そんな天浜線沿線でこだわった被写体は、茶畑と浜名湖の風景だ。茶畑は最も分かりやすく静岡らしさを演出できる重要な被写体だけに、さまざまなアングルから撮影した。手応えがあったのは左に掲載した縦構図の作品。茶畑を望む丘に登り、最初は全体を見渡す構図にしていたが、茶畑の規則的な配列を際立たせるため、畑に正対する構図にした。動体も風景も、共にゆがみなく精緻に記録するα1 IIとG Masterの描写力が、作品にデザイン的な魅力をプラスしてくれた。天浜線のメインといえば、やはり、浜名湖と列車の風景だ。山中を歩いて見つけたポイントでは、昔ながらの家並みと、リゾート地らしい別荘が同居する奥浜名湖エリア特有の風景が広がっていた。それでも「もう1つ要素があればなぁ……」なんてぜいたくなことを考えていたら、なんと奥の浜名湖にリゾート感を演出してくれるレジャーボートが現れた。ただ、少しタイミングが早く、シャッターチャンスには通り過ぎてしまいそう。諦めかけたそのとき、なんと願いが通じたかのように、ボートが列車を追うように急旋回! 「写真の神様は本当にいるのかもしれない……」そう柄にもなくそう思った瞬間だった。

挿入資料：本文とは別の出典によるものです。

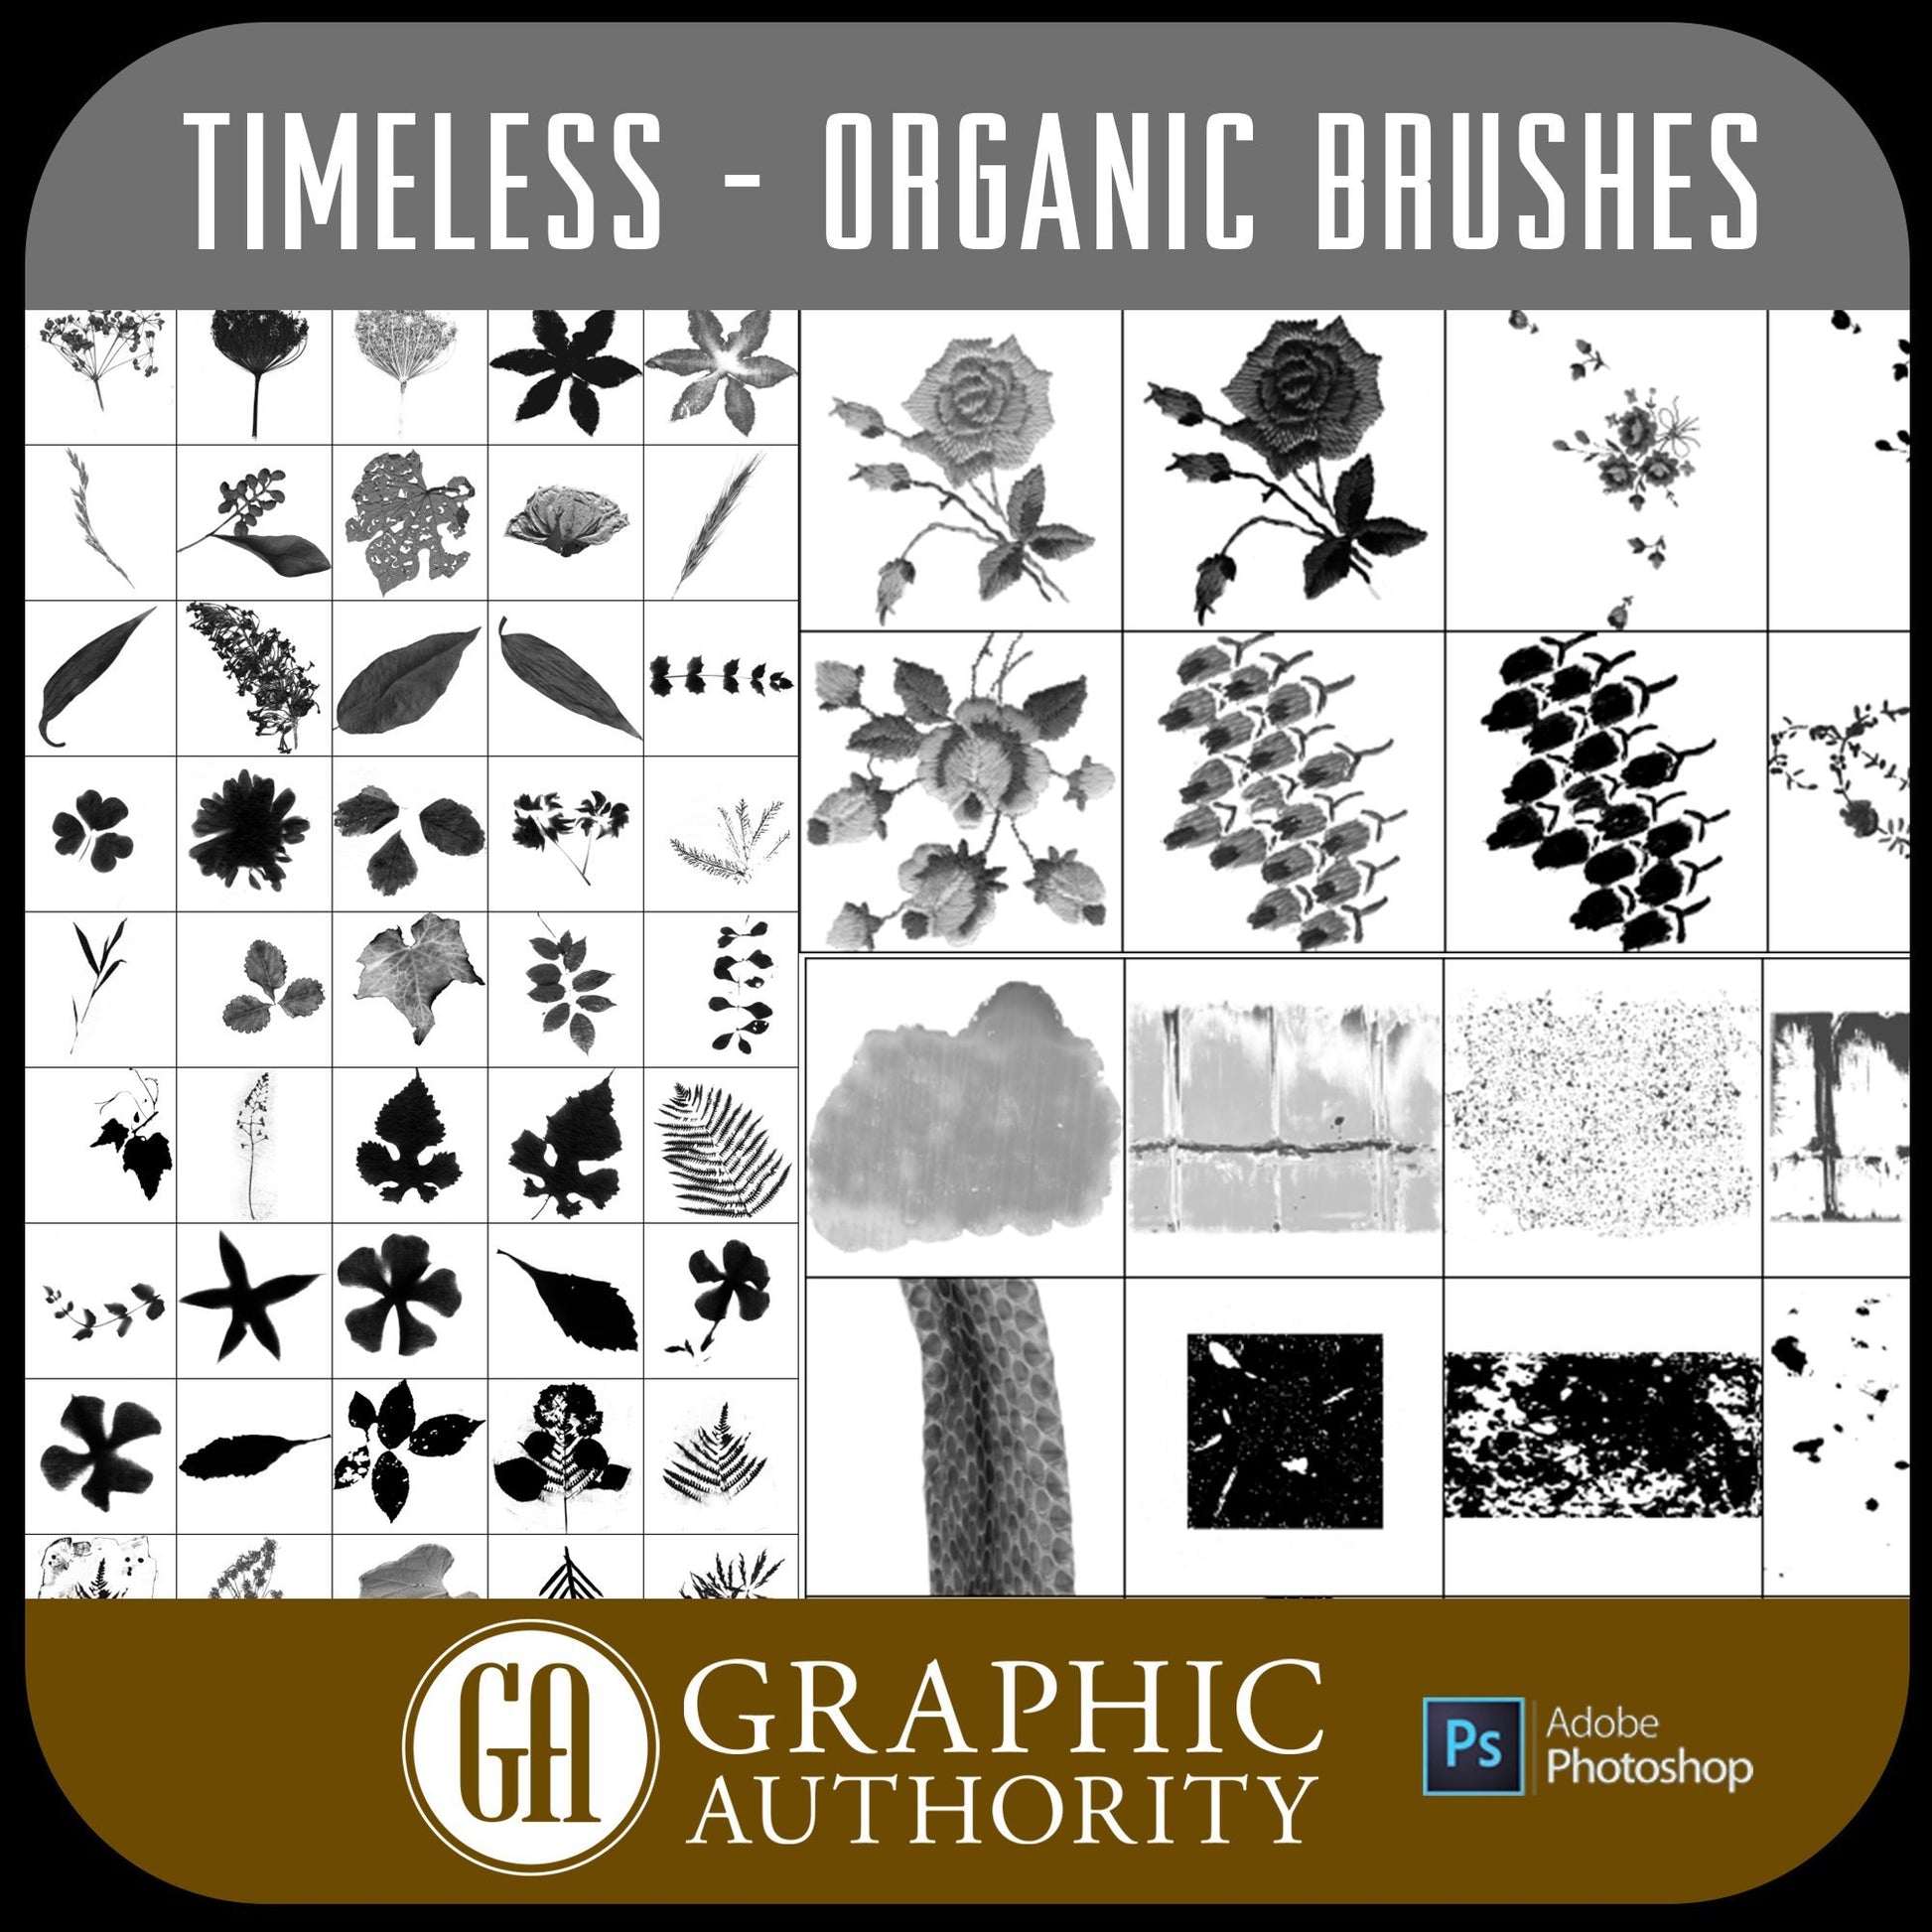 Timeless - Organic - Photoshop ABR Brushes-Photoshop Template - Graphic Authority

撮影日:1月5日 11時08分天竜浜名湖鉄道(遠江一宮〜敷地)
静岡らしい茶畑の直線的な風景を、デザイン的に切り取った。こんなシーンを写すには、カメラとレンズの両方に周辺までゆがみのない精緻な描写力が求められる
撮影日:1月5日 11時30分天竜浜名湖鉄道(遠江一宮〜敷地)
FE 50-150mm F2 GMを付けてのぞいたら、葉の1枚1枚がまるで茶畑の妖精のようにキラキラと輝いていた。F2の明るさを持つこのレンズでしか表現できない、幻想的な世界だ
撮影日:1月5日 16時38分天竜浜名湖鉄道(二俣本町〜西神島)
おだやかな天竜川の流れと、並行する鹿島橋を入れた構図で撮影した。FE 12-24mm F2.8 GMは、超広角レンズならではのダイナミックさとゆがみの少ない描写を可能にする
撮影日:1月5日 9時27分天竜浜名湖鉄道(原田〜戸綿)
トンネル越しに現れた列車を、FE 600mm F4 GM OSSで写した。開放絞りで撮影したが、前ぼけの美しさもあいまって、圧縮された風景とは思えない臨場感がある
<Pickup LENS>FE 600mm F4 GM OSS
大口径超望遠レンズながら、世界最軽量※となる約3,040gを実現。今回のトンネルの作品では手持ちであったが、快適に撮影できた。高解像で異次元に抜けの良いシャープな画作りが特徴だ。前ぼけの柔らかな描写にもたけており、オールラウンドに活躍する。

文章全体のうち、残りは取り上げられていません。